Дружба дружбой, но всему есть предел. В конце концов, он ведь пришел не в гости. Каждый выполняет свой долг, и все должны его выполнять хорошо — и обвинители, и обвиняемые.
— Профессор, я требую, чтобы вы приняли успокоительное!
— Зачем? Я спокоен, я сейчас снова спокоен, как был спокоен тридцать пять тысяч лет. Я лежу в земле, и кости мои отдыхают… Вы знаете, кости так хорошо отдыхают, когда до них никому нет дела, когда их никто не раскапывает…
Часы снова остановились. Прошла минута, другая, но никто этого не заметил, никто этого не мог обнаружить. И Обвинитель, и Обвиняемый погрузились в какую-то безвременную пустоту.
— Профессор, давайте говорить без эмоций. В вашем музее был скелет, носивший на себе следы прошлого варварства: проломы черепа, переломы костей.
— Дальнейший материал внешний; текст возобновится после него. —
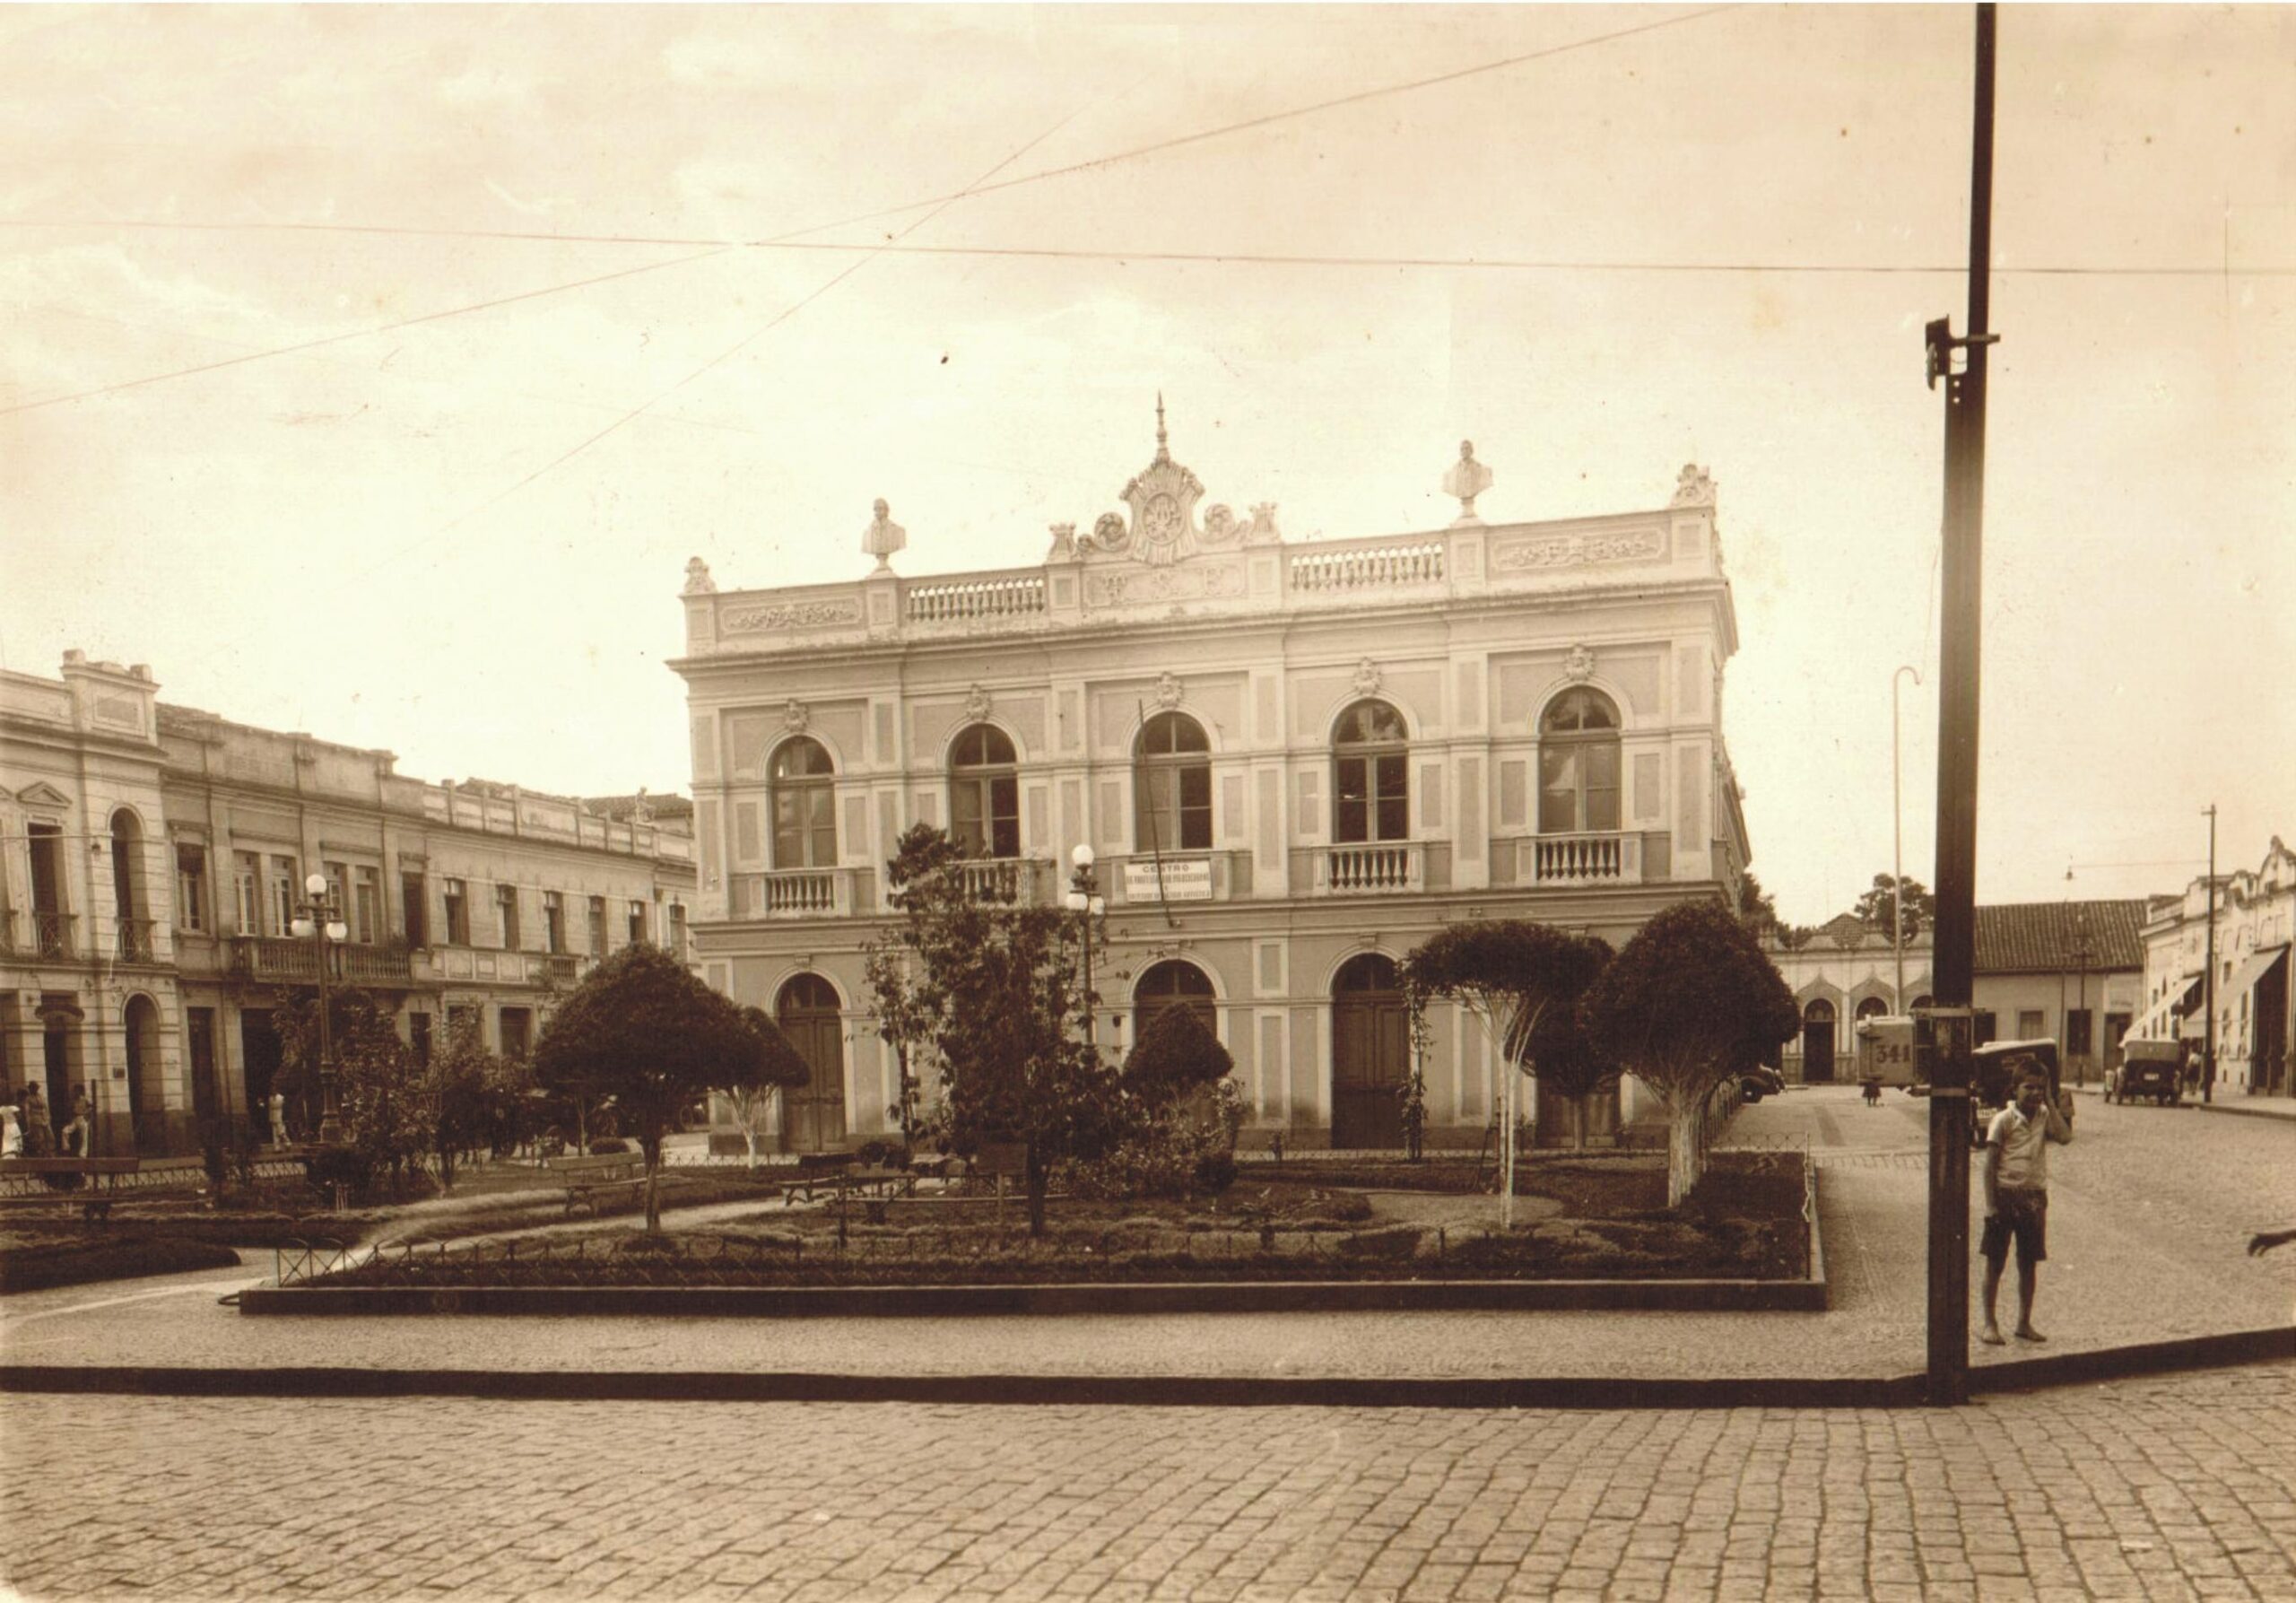 Instituto Histórico e Geográfico de Piracicaba

Именно поэтому он подлежал изъятию. Цивилизованное общество не должно видеть дурных примеров, даже если они идут из далекого прошлого. Это искушение, соблазн, которому не стоит подвергать нашу гуманность. Как же могли вы, профессор, при всем вашем добром отношении к человечеству, которое памятно мне по другим временам, как могли вы этого не понять, как могли вы утаить, спрятать, закопать экспонат, подлежащий изъятию? Зачем вы это сделали?
— Чтобы сохранить его для будущего.
— И вы еще говорите о будущем! Вы! Археолог!
— Да, потому что прошлое всегда принадлежит будущему, оно принадлежит только будущему, и никто из живущих не имеет на него прав.
Обвинитель не был согласен с Обвиняемым. Но он понимал, что здесь не место заводить теоретический спор.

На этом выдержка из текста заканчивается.